Verslag plenaire vergadering
Verslag
Aan de orde is de actuele vraag van de heer Malcorps tot de heer Somers, minister-president van de Vlaamse regering, over de lastenverdeling tussen de gewesten inzake de Kyotonorm.
Het realiseren van afspraken rond de Kyoto-verplichtingen wordt wellicht één van de meest heikele communautaire dossiers van de komende jaren. De lastenverdeling - tussen de gewesten en binnen de gewesten tussen de sectoren - moet bij de regeringsonderhandelingen aan bod komen.
Men heeft echter een klimaatcommissie opgericht, die zelfs vrij snel van start zou kunnen gaan. Het zou echter jaren kunnen duren -tot eind 2005- eer ze haar werkzaamheden heeft afgerond. Wij menen dat dit politiek belangrijke punt vooraf moet uitgeklaard worden in onderhandelingen tussen de gewesten. Een verder uitstel zou slecht nieuws zijn voor de Vlaamse economie en in het bijzonder voor de sectoren die veel energie verbruiken zoals de chemiesector.
De maatregelen die nu door formateur Verhofstadt naar voor worden verschoven zijn voor de helft Vlaamse bevoegdheden. Denken we maar aan het rationeel energiegebruik, de benchmarkingconvenant en de verkeersbelasting. Op federaal niveau zou men dan niet veel meer doen dan het kopen van emissiekredieten, al blijft het ook dan nog de vraag of de gewesten niet mee zullen moeten betalen.
Moet de Vlaamse regering geen duidelijk signaal geven aan de Vlaamse onderhandelaars dat de krijtlijnen van het beleid in deze kwestie op korte termijn moeten worden uitgetekend?
Het verheugt me dat de heer Malcorps de federale regeringsonderhandelingen op de voet volgt en begaan is met de ontwikkeling van de Vlaamse chemische industrie. Het is evident dat ook de Vlaamse regering angstvallig waakt over de belangen van de Vlaamse en de petrochemische industrie.
In februari heeft de Vlaamse regering een Vlaams Klimaatplan goedgekeurd. De afspraak werd gemaakt dat de minister van Leefmilieu en de minister van Economie de implementatie van de Kyotoverdragen op de voet volgen. Er is inderdaad sprake van een reductie met 7,5 percent tegenover het referentiejaar 1990, wat in de praktijk een reductie met 20 percent betekent.

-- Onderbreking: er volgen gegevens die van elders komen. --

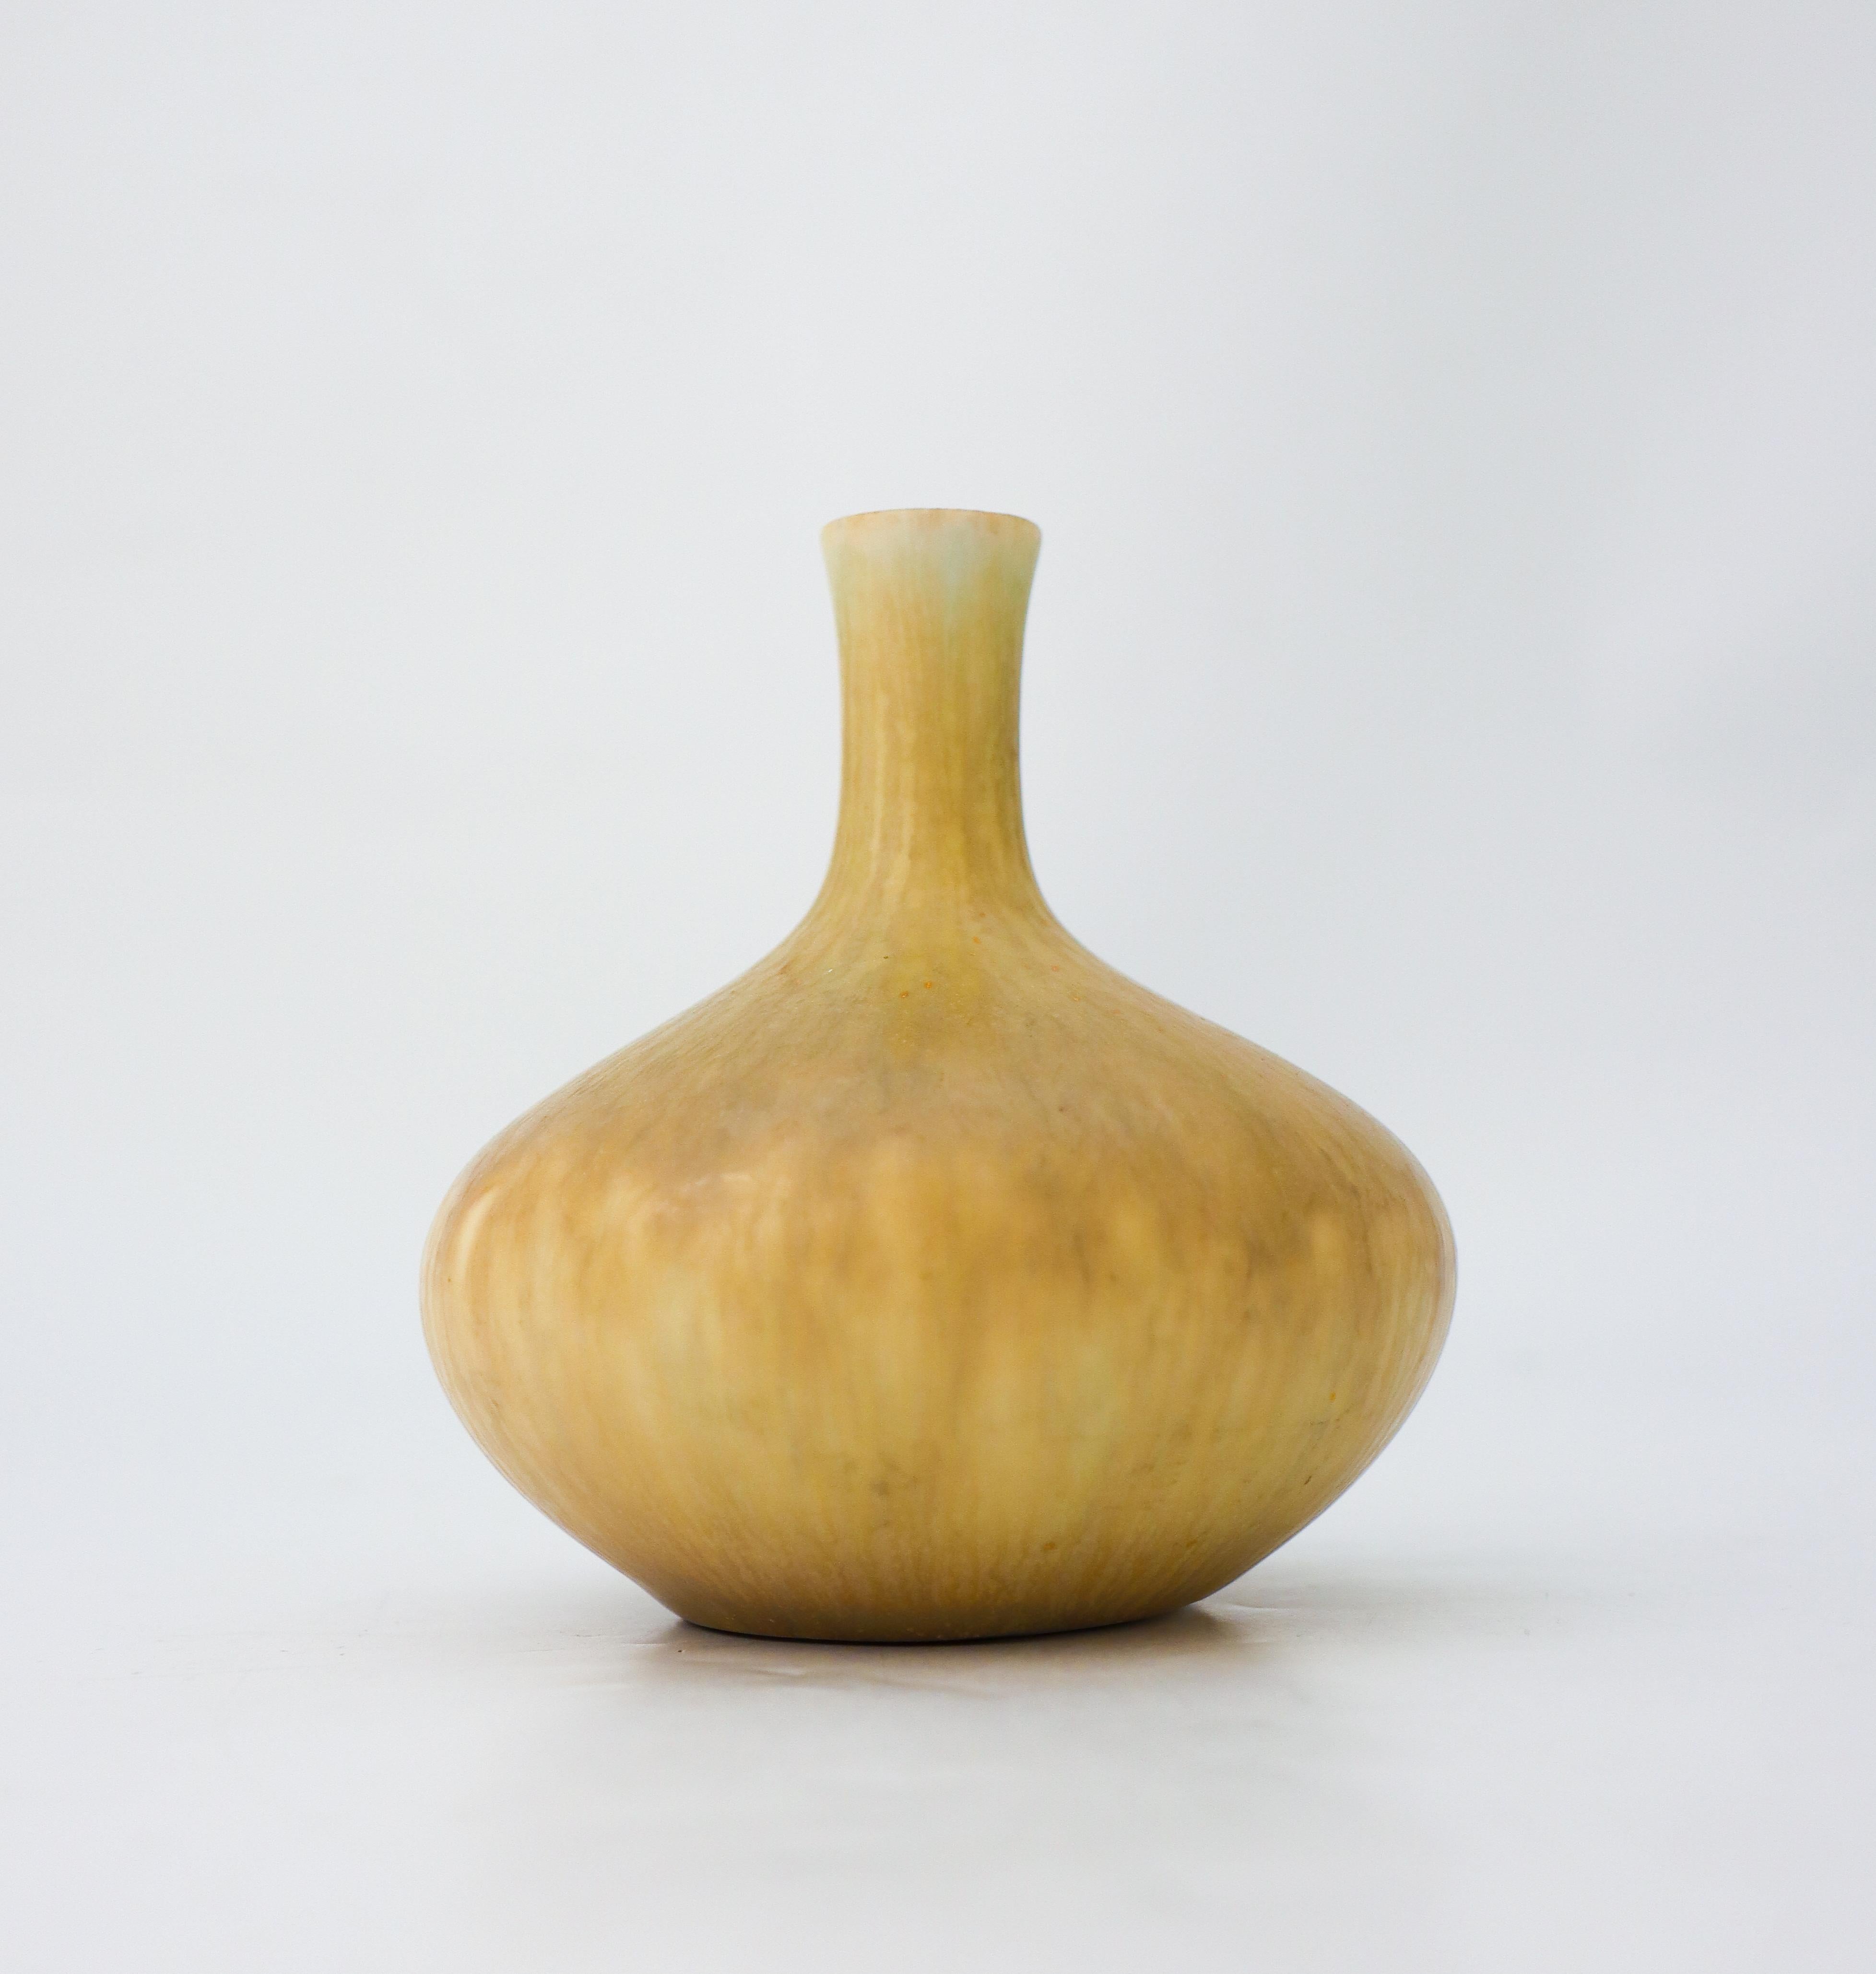 A dark yellow vase designed by Carl-Harry Stålhane at Rörstrand. The vase is 10.5 cm (4.2

Er moet natuurlijk eerst een officieel formatieakkoord zijn, voordat de Vlaamse regering officieel kan worden aangesproken. Zelf ben ik het idee van een nationale klimaatconferentie met een actieve betrokkenheid van de gewesten wel genegen. Er werd immers een duidelijke timing naar voren geschoven : het zou de bedoeling zijn om binnen de zes maanden na de start van de nieuwe federale regering een akkoord af te sluiten met de gewesten.
Het samenwerkingsakkoord bepaalt dat de klimaatcommissie kan werken tot eind 2005. Ik ben benieuwd wat zo'n nationale klimaatconferentie zal opleveren. Door de samenstelling van de klimaatcommissie is de vrees voor vergrendeling door het Waalse Gewest niet ondenkbaar.
Het incident is gesloten.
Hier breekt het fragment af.